_WHAT IS BEING ASKED:_ An exact repetition of the data is required; no picture should appear in it.

_SUPPLIED INFORMATION:_
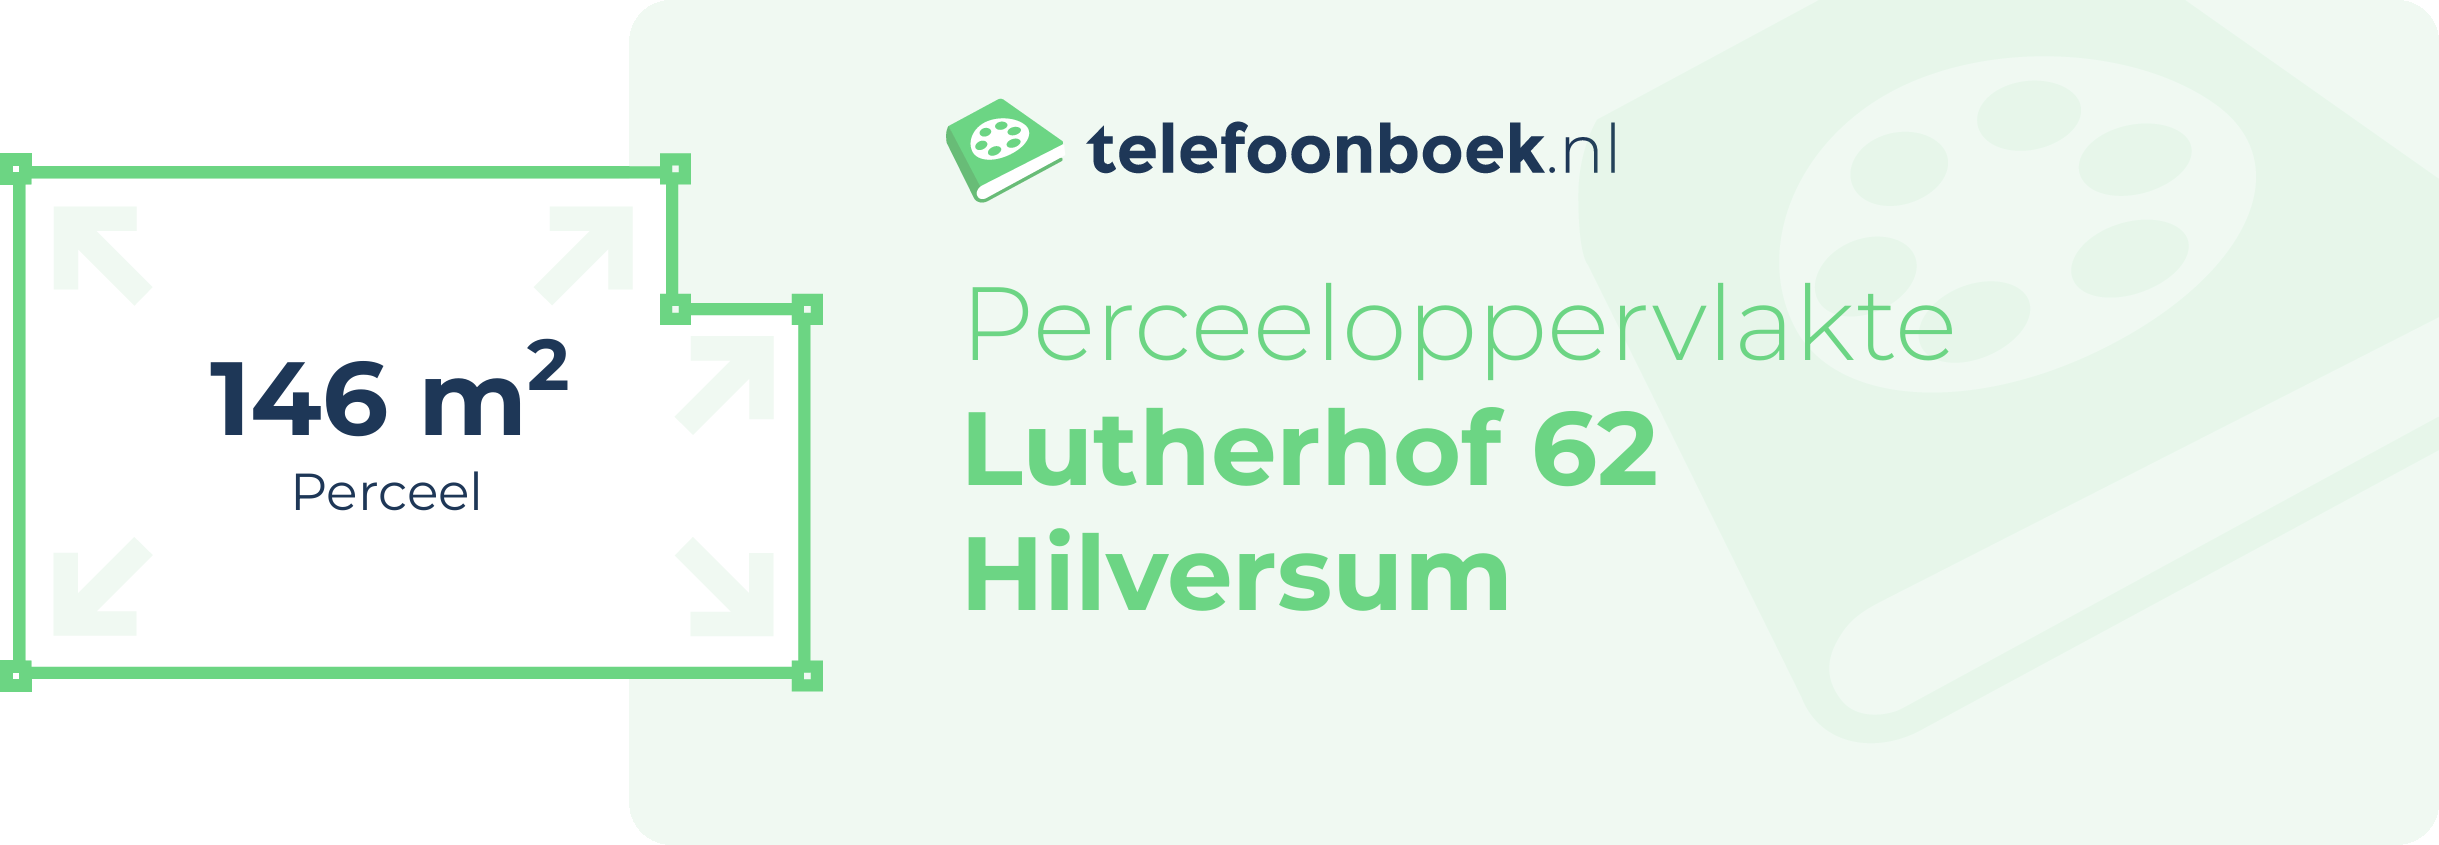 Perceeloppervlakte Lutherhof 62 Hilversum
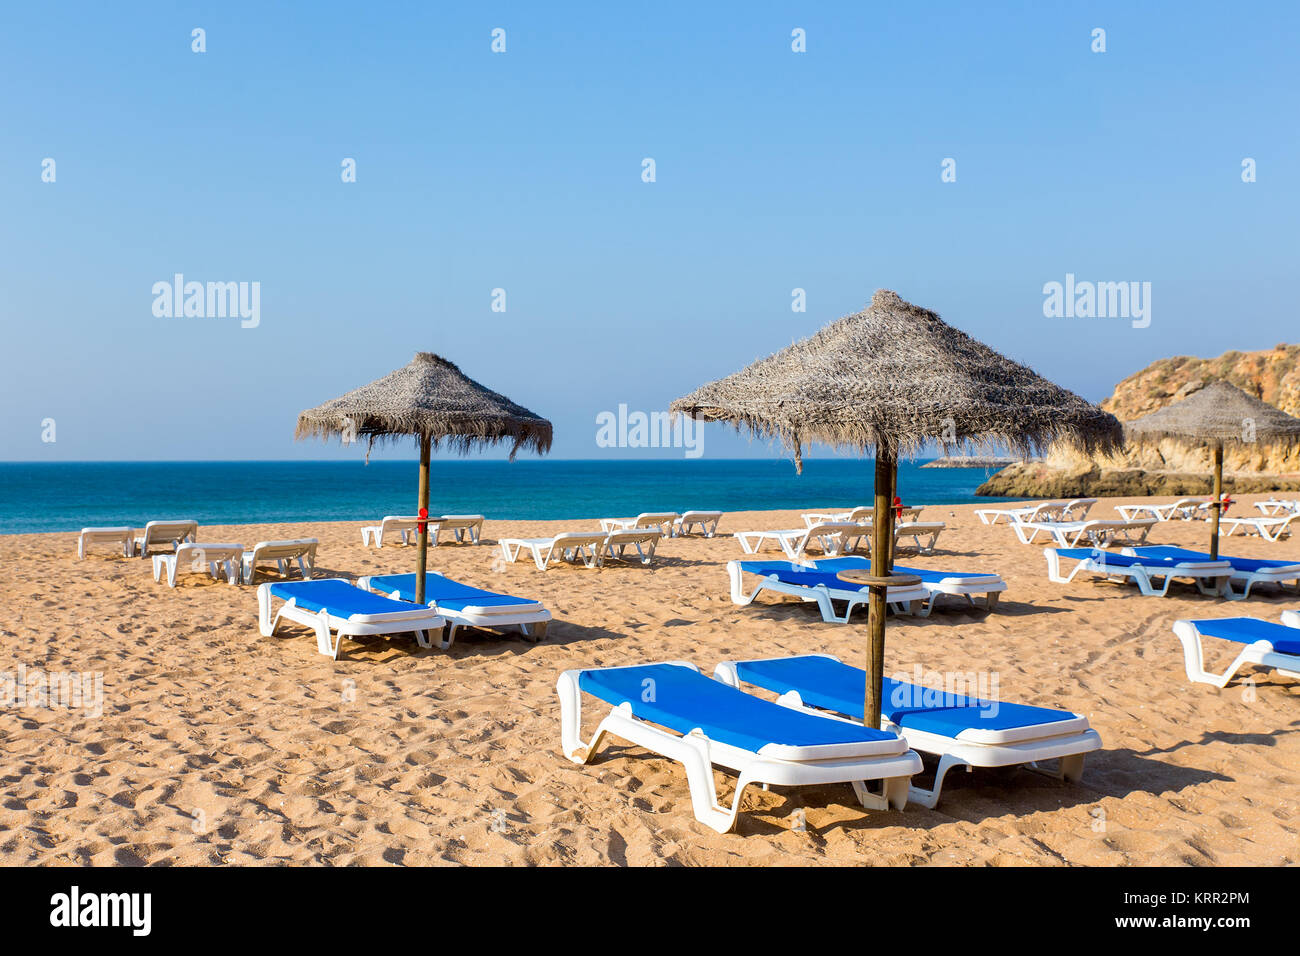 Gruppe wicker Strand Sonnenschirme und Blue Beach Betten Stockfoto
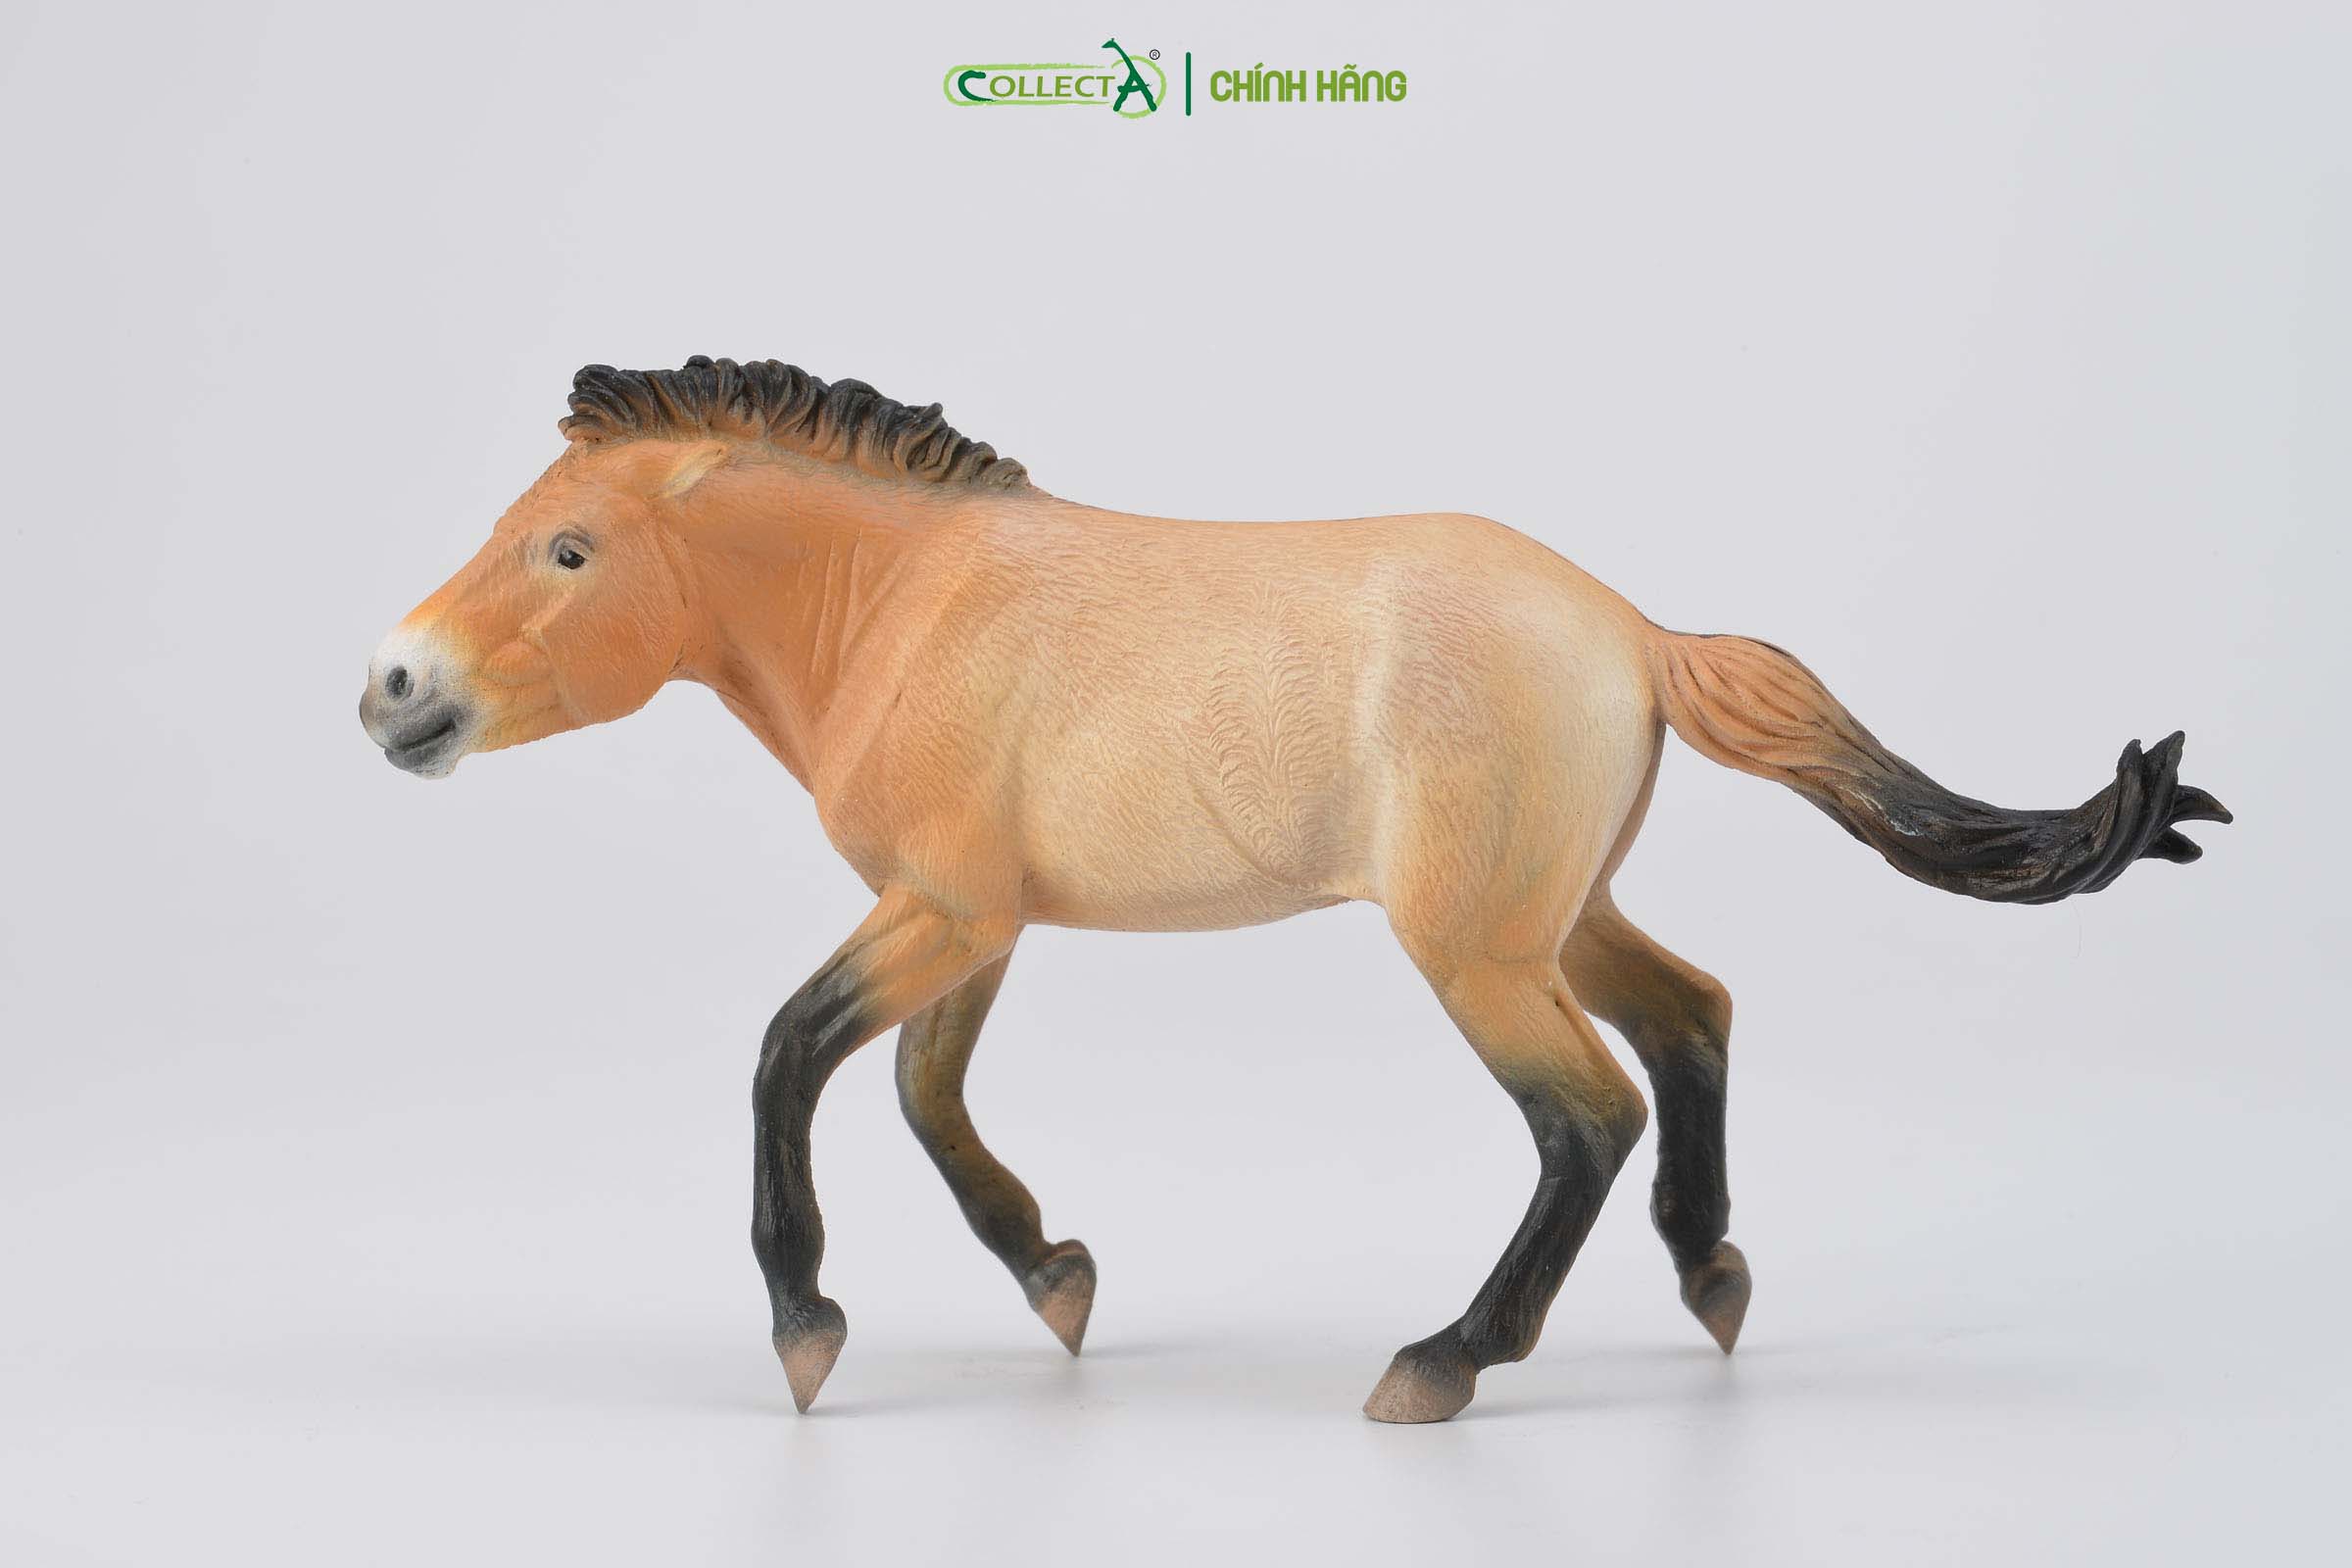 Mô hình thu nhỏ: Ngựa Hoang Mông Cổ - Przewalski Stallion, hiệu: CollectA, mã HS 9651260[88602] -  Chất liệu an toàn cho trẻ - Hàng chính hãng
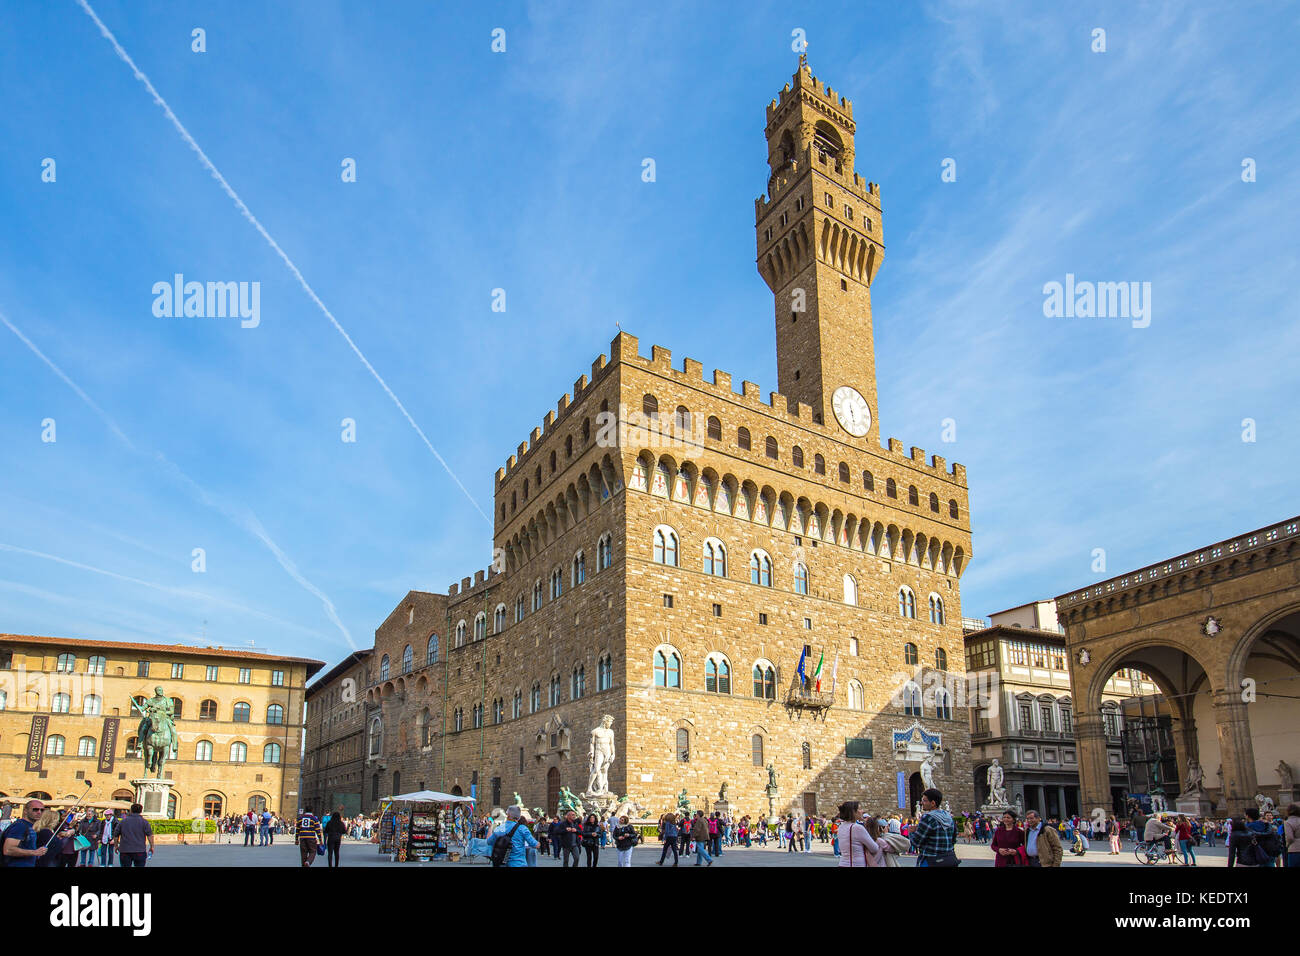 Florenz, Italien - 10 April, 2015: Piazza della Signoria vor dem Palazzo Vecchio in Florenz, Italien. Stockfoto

_RESULT:_
 Perceeloppervlakte Lutherhof 62 Hilversum
 Gruppe wicker Strand Sonnenschirme und Blue Beach Betten Stockfoto
 Mô hình thu nhỏ: Ngựa Hoang Mông Cổ - Przewalski Stallion, hiệu: CollectA, mã HS 9651260[88602] -  Chất liệu an toàn cho trẻ - Hàng chính hãng
 Florenz, Italien - 10 April, 2015: Piazza della Signoria vor dem Palazzo Vecchio in Florenz, Italien. Stockfoto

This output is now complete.